コランダムとは、酸化アルミニウム(Al₂O₃)からなる鉱物の名称で、純粋な状態では無色透明ですが、結晶に取り込まれる微量元素の種類によって様々な色に発色します。

サファイアと分類されます。ここでは、ルビーの科学的な成り立ちと輝きを生む仕組みから見ていきましょう。

ルビーはコランダムにクロムが加わって赤く発色した宝石

ルビーの結晶

コランダムが赤く発色してルビーになる理由は、結晶の中に微量の「クロム(Cr³⁺)」が含まれるためです。
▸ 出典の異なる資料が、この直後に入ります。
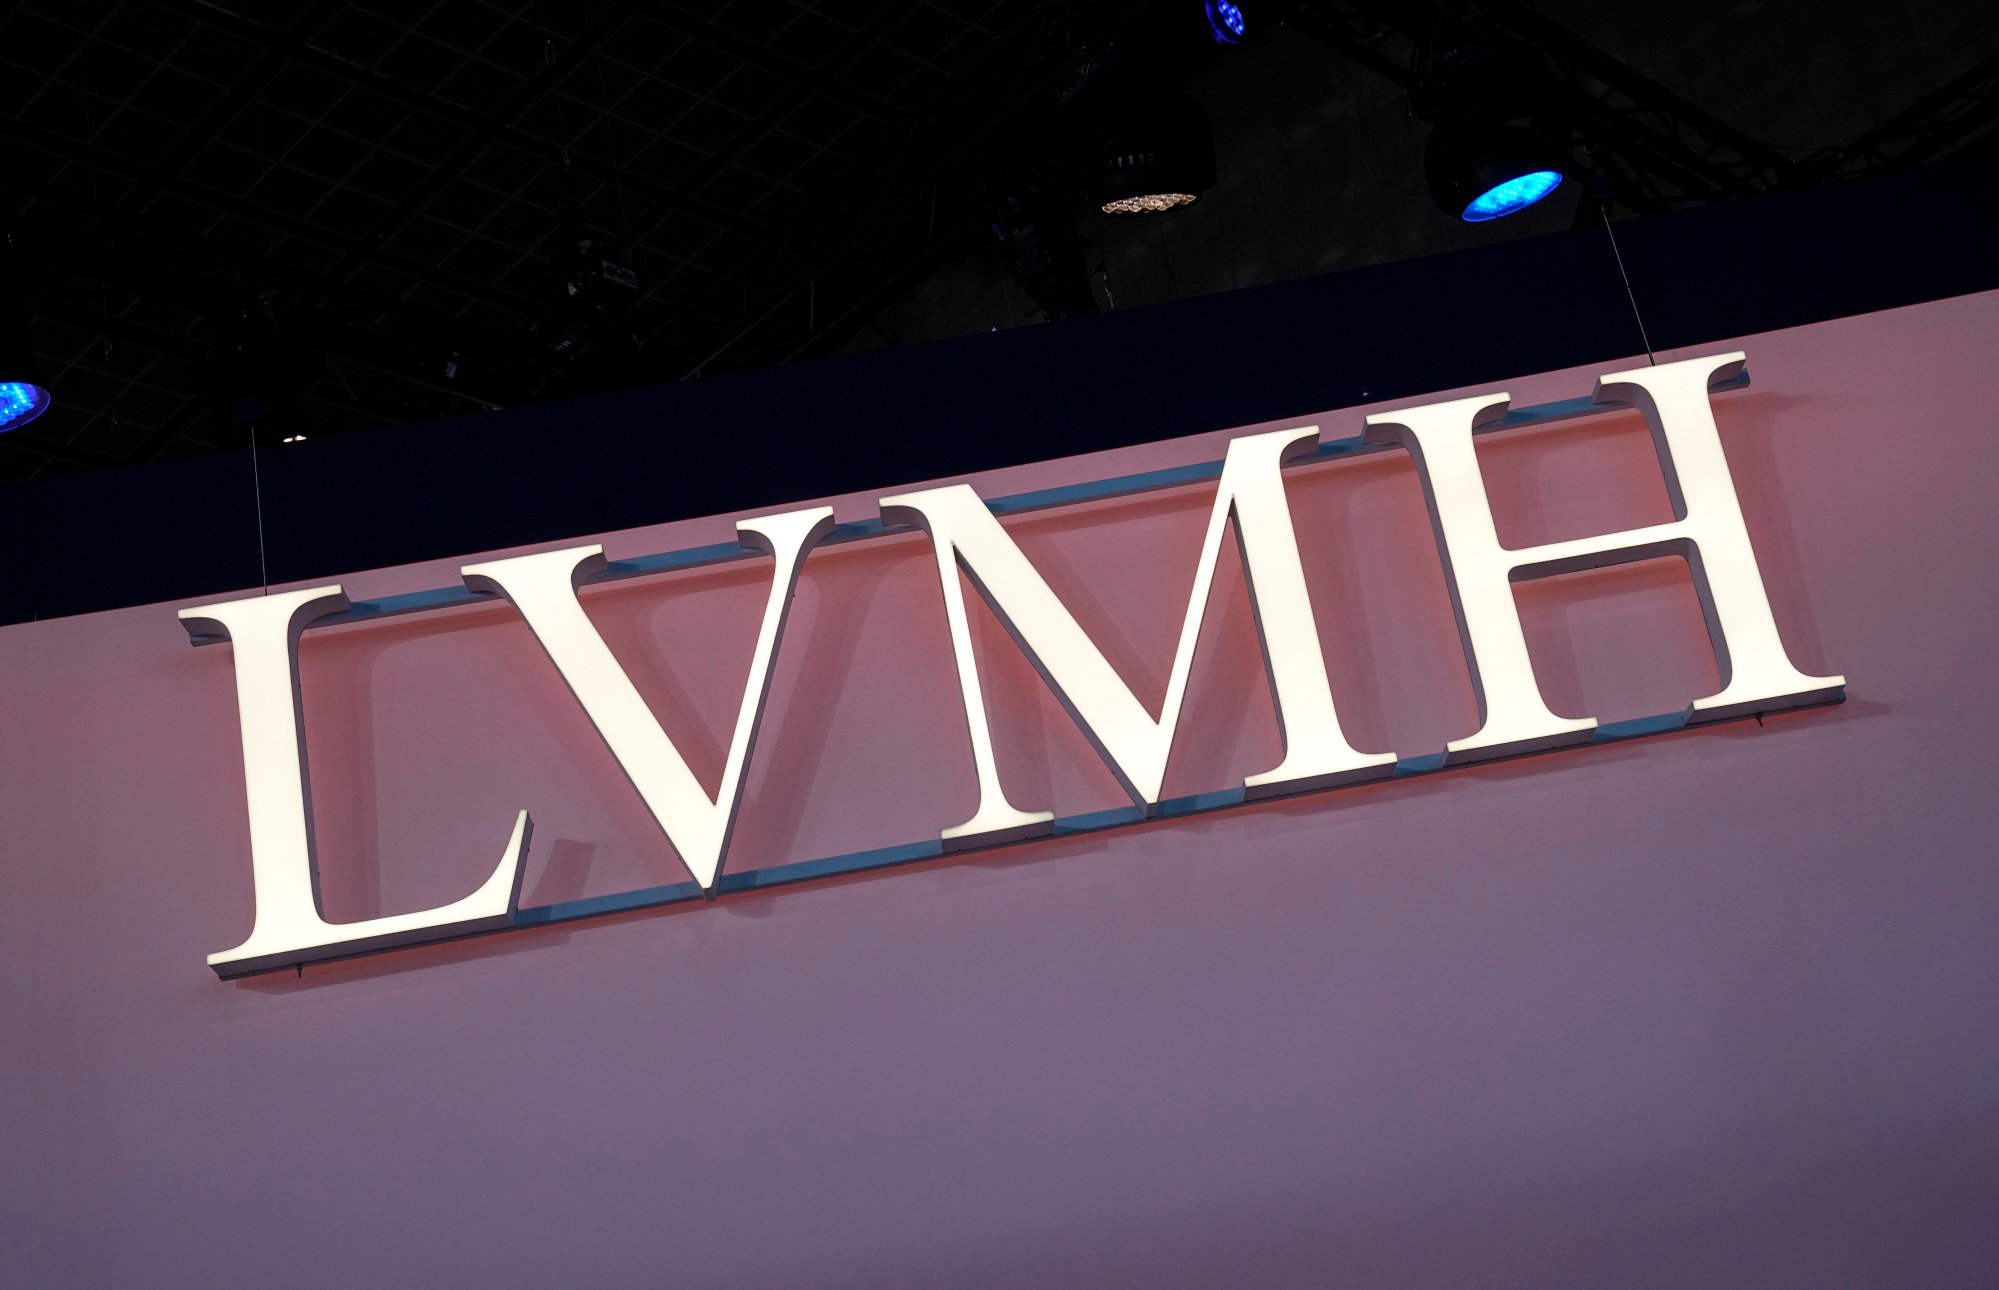 2024 Olympic Games: LVMH makes itself scarce - Luxus Plus

クロムは青緑色の光を吸収し、残った赤色の光だけを目に届けます。これがルビーの赤の正体です。

クロムの含有量が多いほど赤みが増しますが、多すぎると黒みがかった赤になり価値が下がります。最も美しい発色とされる「ピジョンブラッド」は、クロムが適切な量で含まれたときにだけ生まれる色です。

なお同じコランダムでも、鉄(Fe)とチタン(Ti)が含まれると青に発色してサファイアになります。ルビーとサファイアは成分も硬度も同じ鉱物であり、色によってのみ名前が変わります。

ルビーの化学組成について知りたい方は、こちらの記事、コランダムについて知りたい方はこちらの記事を参考にしてみてください。

モース硬度9・複屈折・蛍光性が生む独特の輝きの正体

ルビーの蛍光性

ルビーの主なスペックは以下のとおりです。

鉱物 コランダム
化学式 Al₂O₃
モース硬度 9(ダイヤモンドに次ぐ硬さ)
屈折率 1.762〜1.770
複屈折 0.008〜0.010
比重 4.00

モース硬度9は、ダイヤモンド(10)に次ぐ高さで、日常的に身につけても傷がつきにくい宝石です。劈開(特定方向に割れやすい性質)がないため衝撃にも強く、婚約指輪や日常使いのジュエリーに向いています。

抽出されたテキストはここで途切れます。